The Palace of Sans-Souci, illustration by Charles Robinson, 1911 edtion.

Last week, as part of the giveaway, I asked folks to tell me their favorite fairy tale character. One person mentioned the happy prince from Oscar Wilde’s story, a character I had never heard of, so of course I had to read the story.  I really should have been warned that it would make me cry.

The story is from The Happy Prince and Other Tales by Oscar Wilde, first published in May 1888, and you can find all five sotires included in the collection on-line here. The Happy Prince is a statue that stands high over the city. He is covered in gold leaf, has sapphire eyes and holds a sword with a ruby in its hilt. Everyone in the city admires his beauty and happy attitude. A swallow who has put off migrating to Egypt land at the statues feet when he is looking for a safe place to rest and feels drops of rain that he quickly discovers are actually tears. The Happy Prince’s statue holds the spirit of a true prince, who when he was living  Palace of Sans- Souci had known nothing aside from playing, dancing, beauty and joy, but now, trapped in the statue, he sees all the misery and sadness in his city. The swallow stays with the statue, even though it gets colder and colder, delivering the gems and gold leave to the poor and needy throughout the city as the happy prince directs. The bird tells the prince all about exotic Egypt and about what he sees in his flights around the city.

The poor little Swallow grew colder and colder, but he would not leave the Prince, he loved him too well. He picked up crumbs outside the baker’s door when the baker was not looking and tried to keep himself warm by flapping his wings. But at last he knew that he was going to die. He had just strength to fly up to the Prince’s shoulder once more. “Good-bye, dear Prince!” he murmured, “will you let me kiss your hand?”

“I am glad that you are going to Egypt at last, little Swallow,” said the Prince, “you have stayed too long here; but you must kiss me on the lips, for I love you.”

“It is not to Egypt that I am going,” said the Swallow. “I am going to the House of Death. Death is the brother of Sleep, is he not?”

And he kissed the Happy Prince on the lips, and fell down dead at his feet.

At that moment a curious crack sounded inside the statue, as if something had broken. The fact is that the leaden heart had snapped right in two. It certainly was a dreadfully hard frost.

Now I’m crying again. I hate when stories do that to me. Anyway, the town councillors realize how shabby the statue is looking and pull it down. The statue is melted, all except its lead heart which won’t melt, so the workmen throw it into the refuse pile along with the dead bird.

There is a happy ending, though.

“Bring me the two most precious things in the city,” said God to one of His Angels; and the Angel brought Him the leaden heart and the dead bird.

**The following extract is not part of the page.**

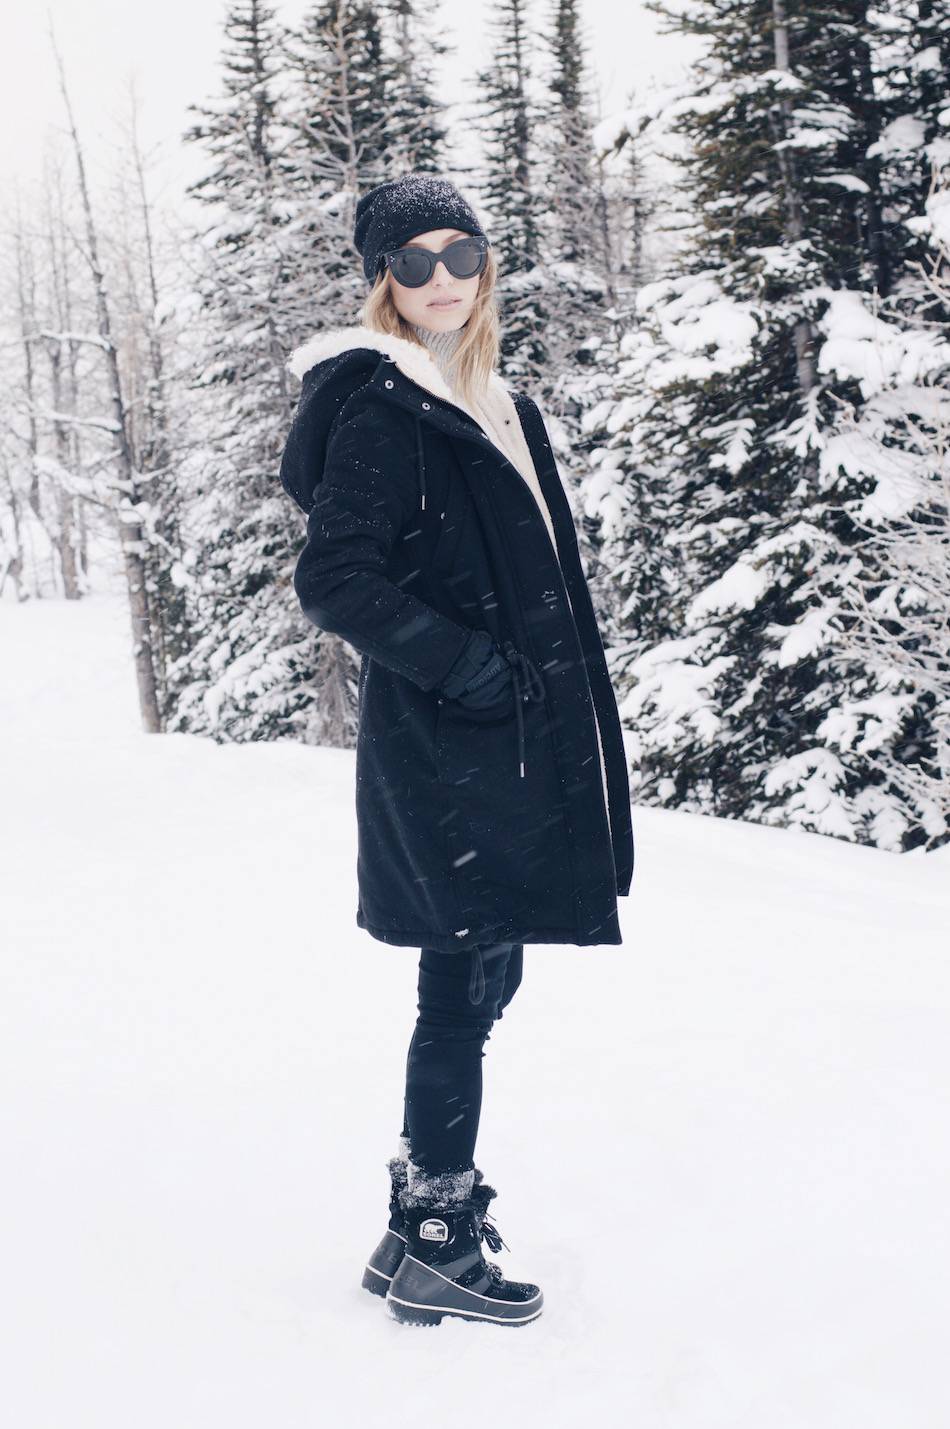 4 tips for looking good in the snow
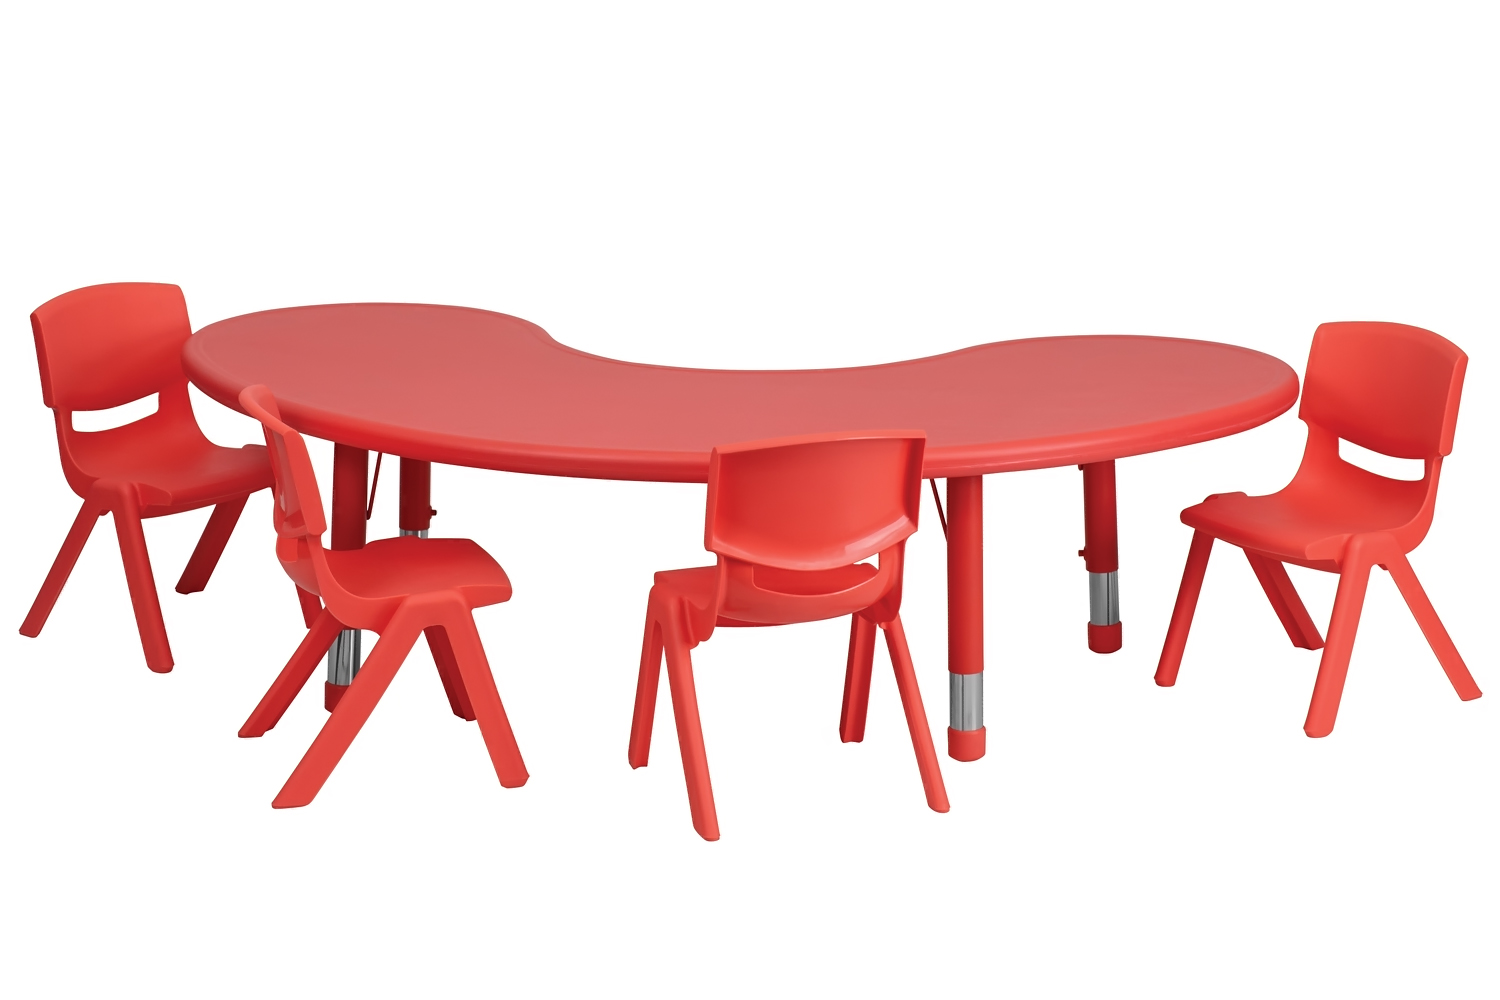 35''W x 65''L Half-Moon Red Plastic Height Adjustable Activity Table Set with 4 Chairs

“You have rightly chosen,” said God, “for in my garden of Paradise this little bird shall sing for evermore, and in my city of gold the Happy Prince shall praise me.”

In caring for others, acting unselfishly, both the prince and bird are rewarded in heaven. I can see why Vendea would mention the happy prince as her favorite character. He truly cares and is willing to sacrifice everything he has to help others.

Thursday’s Tales is a weekly event here at Carol’s Notebook. Fairy tales, folktales, tall tales, even re-tellings, I love them all.